Scott Dixon expects the strategy employed by Team Penske and Chip Ganassi Racing in the first of this weekend's IndyCar races at Road America will be copied in race two

The Chip Ganassi Racing driver maintained his unbeaten start to the season despite only qualifying 10th, leading Team Penske's Will Power and rookie Alex Palou.

Power revealed the benefit of the undercut when he stopped on lap 12 to switch from Firestone's softer alternate compound to a set of primary tires, and vaulted from 10th to third.

Dale Coyne Racing with Team Goh's Palou did the same, and he too moved forward from ninth to fourth.

Ganassi appeared to learn swiftly from such tactics and pulled Dixon in early at the second round of stops, where polesitter Josef Newgarden dropped out of contention after stalling in the pits.

Five-time series champion Dixon then found himself second to Power, and went on to win after a fumbled pitstop for Power.

Dixon said the benefit of the undercut "unexpected" and admitted to being "shocked" when his team radioed to say his battle with Power was for the race lead.

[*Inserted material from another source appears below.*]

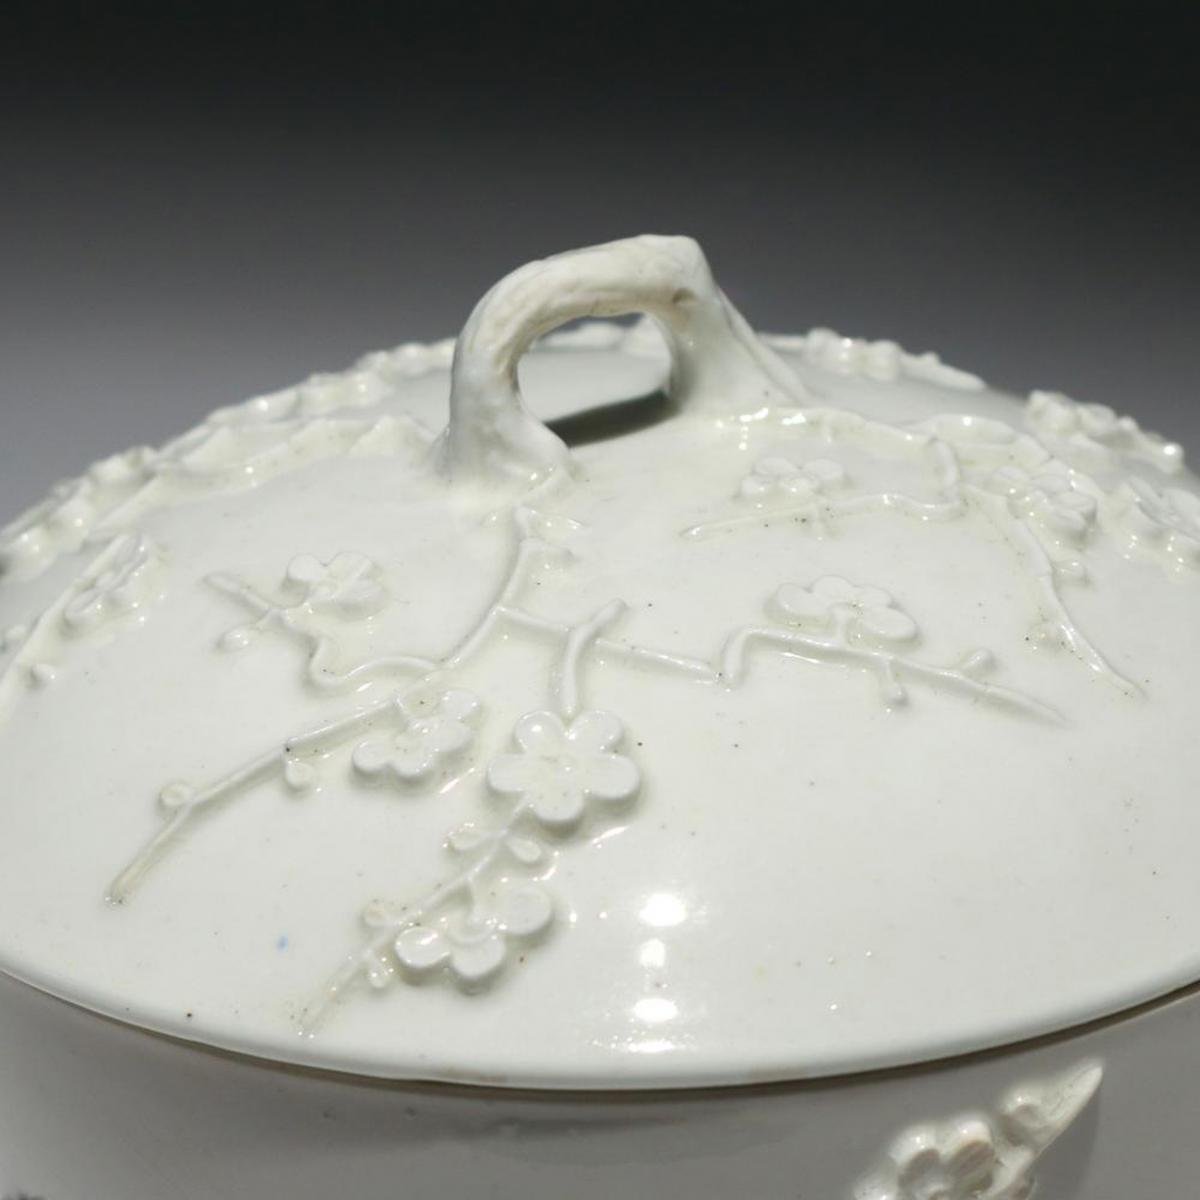 18th Century Bow Porcelain White Prunus Covered Bowl or Tureen & Cover

"I thought they must have the timing and scoring wrong, how did we jump five cars in that one pit stop exchange?" he said.

"The undercut was big today, so it will be interesting to see if a bunch of people jump on that.

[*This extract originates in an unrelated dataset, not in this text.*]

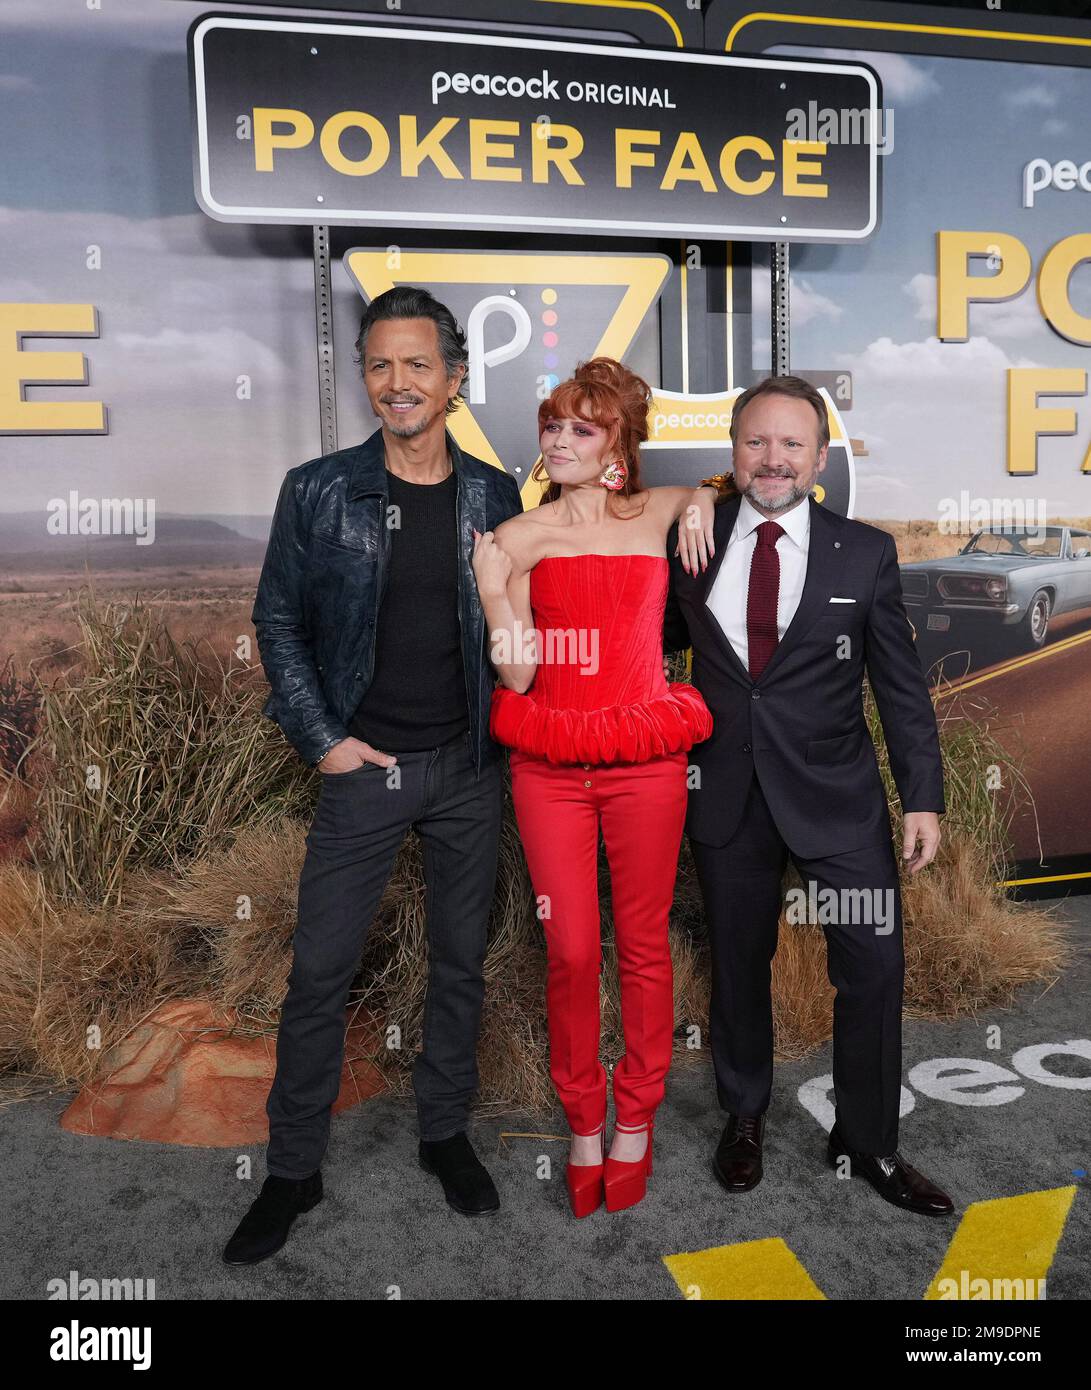 Rian Johnson Shares 'Poker Face' Details: It's More of a 'How

"I think there will be a lot more people that are aggressive tomorrow with that strategy and that undercut because everybody can see how it works for them."

Why Ganassi is excelling

Dixon explained that IndyCar teams are still in a process of learning how the aeroscreen-equipped cars' revised weight distribution and centre of gravity impacts on the tires.

He feels Ganassi's squad is responding better than its rivals to the highly compressed schedule of the current race weekends, with the first race starting less than five hours after first practice had ended.

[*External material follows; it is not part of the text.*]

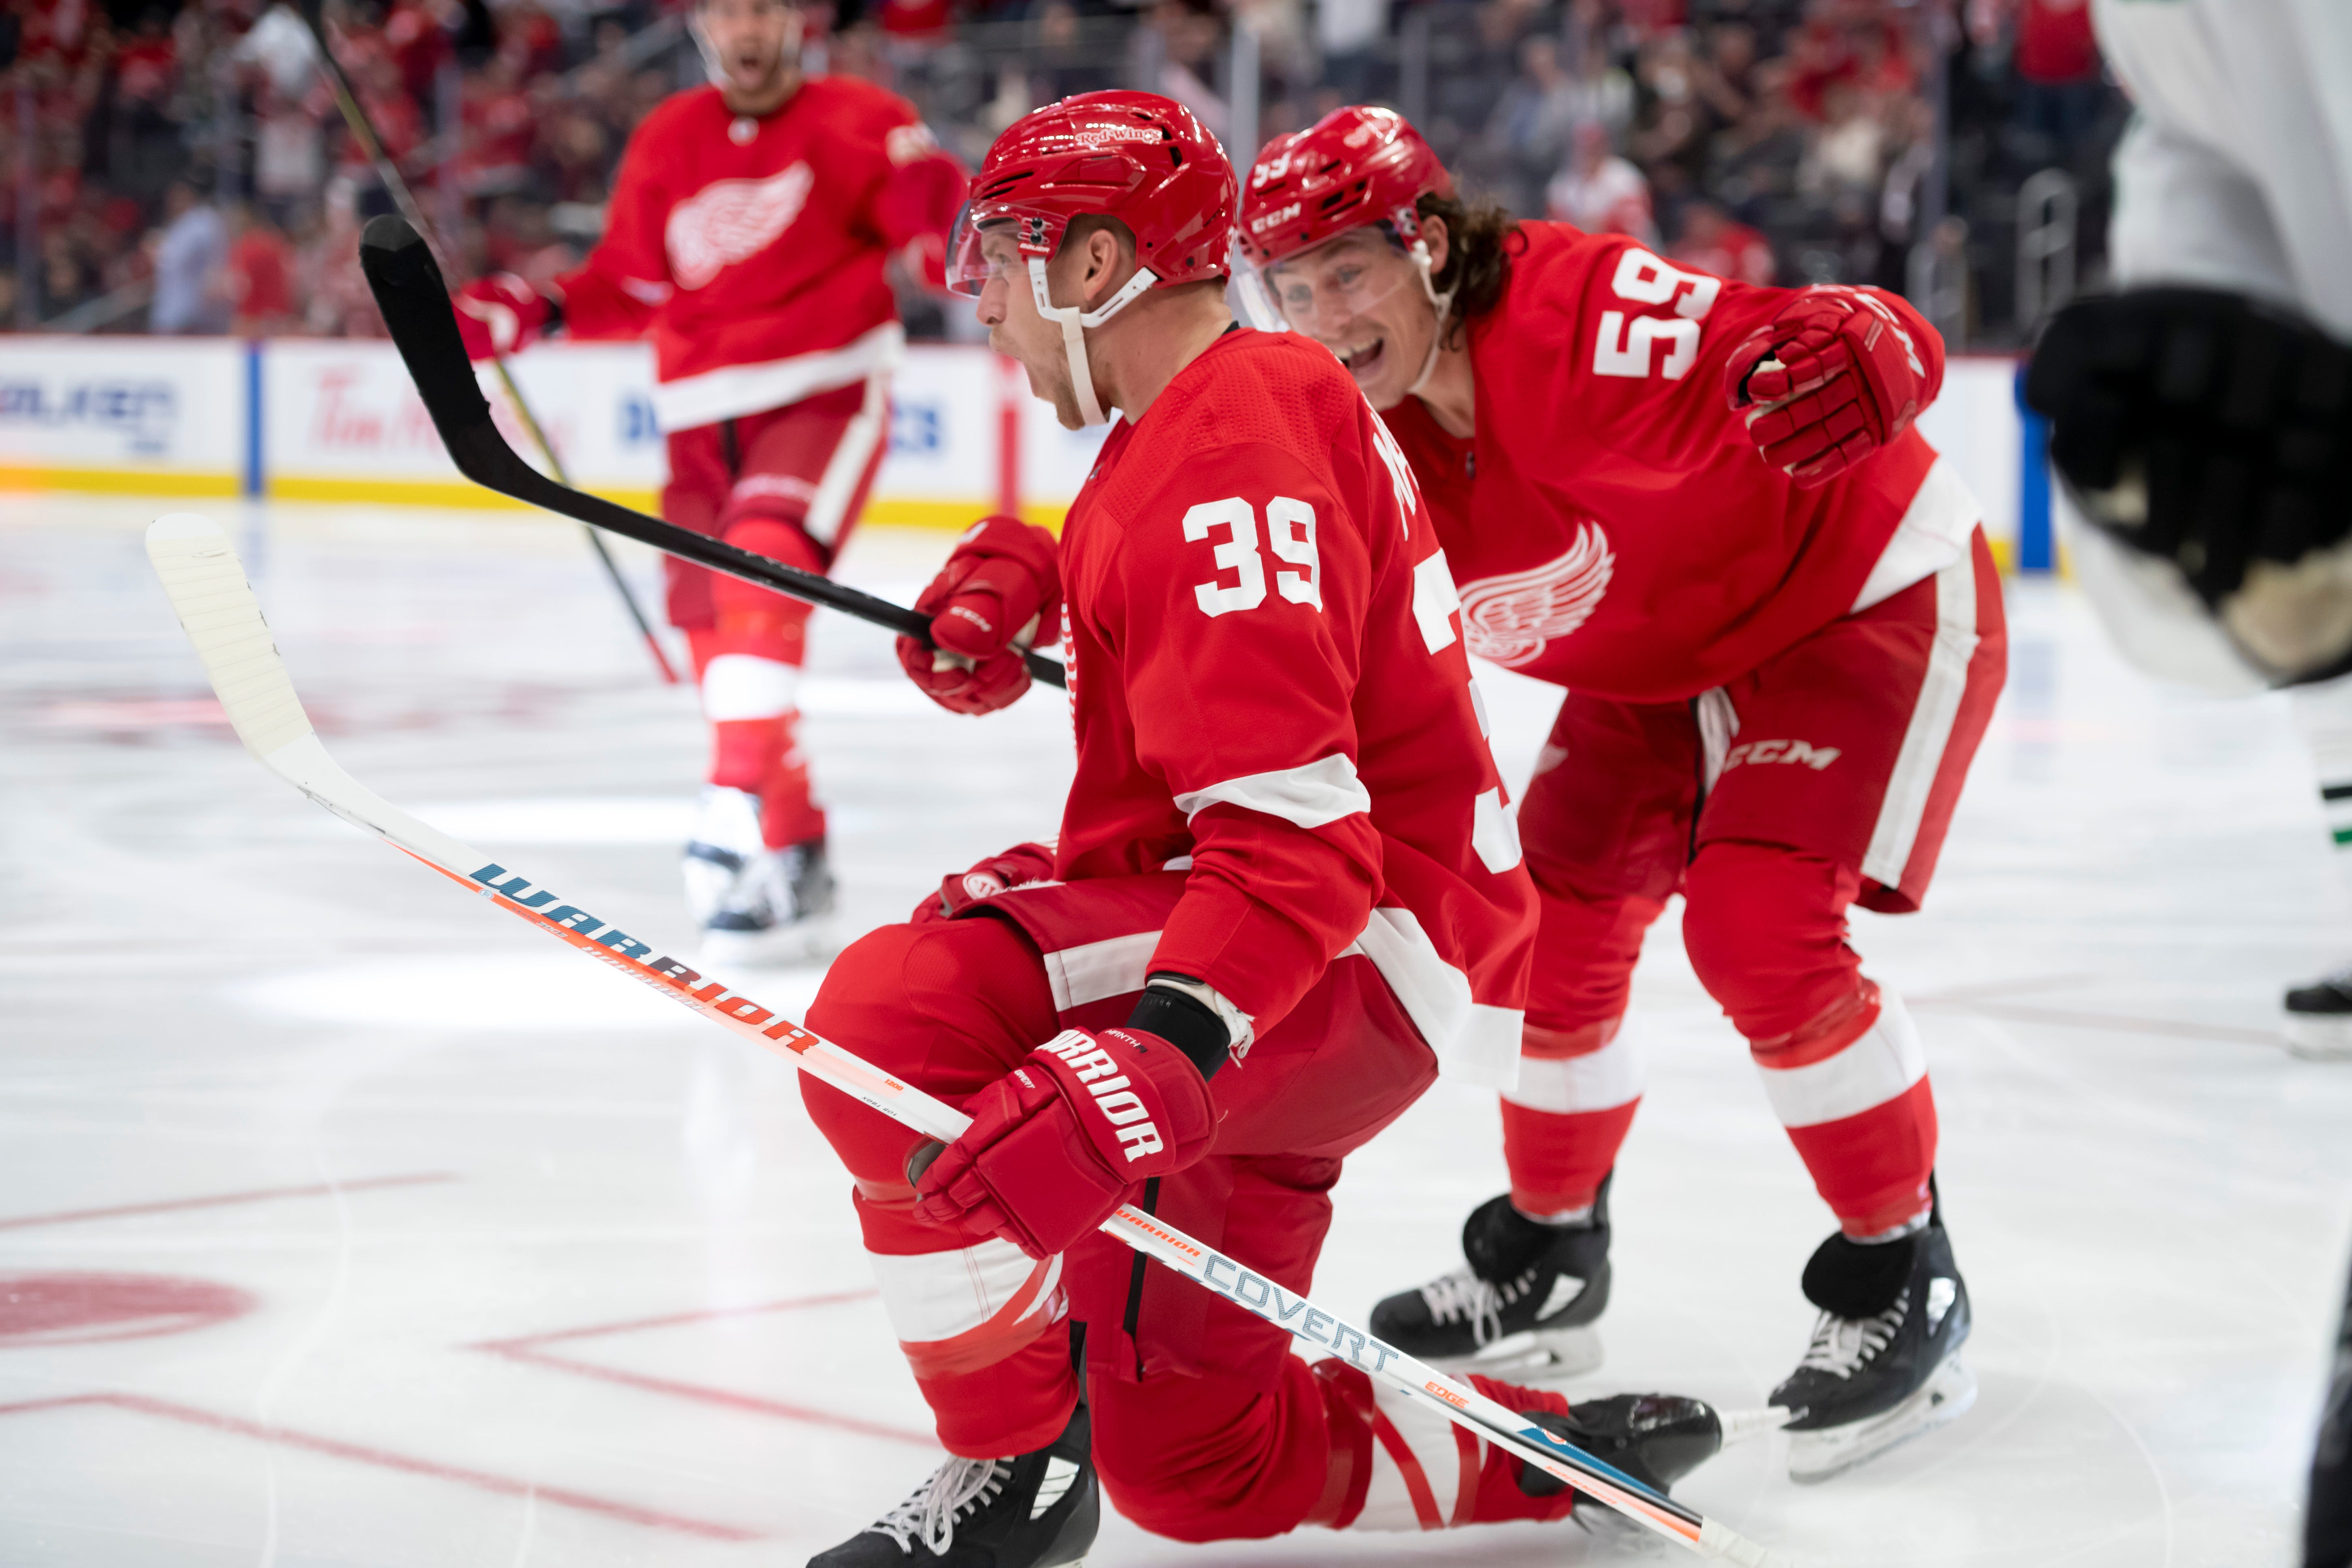 Detroit right wing Anthony Mantha (39) celebrates with Detroit left wing Tyler Bertuzzi after scoring his third goal of the game in the third period.

PLUS: How Ganassi's pursuit of perfection is paying off

"We didn't particularly have great speed this morning or even in qualifying, the problem right now is there's no time," said Dixon.

"[We had] 1hr15min practice, where typically we would have a couple of hours in practice and those sessions would be split - you get some downtime, a bit of time to look at data.

"There's no time to process any of that stuff right now, you're definitely flying by the seat of your pants a little bit.

"These doubleheaders for the crew and the team are just brutal."

Graham Rahal had been running second to Newgarden when he suffered refuelling problems at his first pitstop that dropped him back to 11th.

Rahal said he believed he had a car capable of scoring his first win since Detroit 2017, but conceded that Dixon is currently in a different league.

"Dixie is in a world of his own right now," said Rahal.

"All of the bounces are certainly going his way, too.

"And that happens in racing. It happened for us in 2015, and we're working on getting back in that position."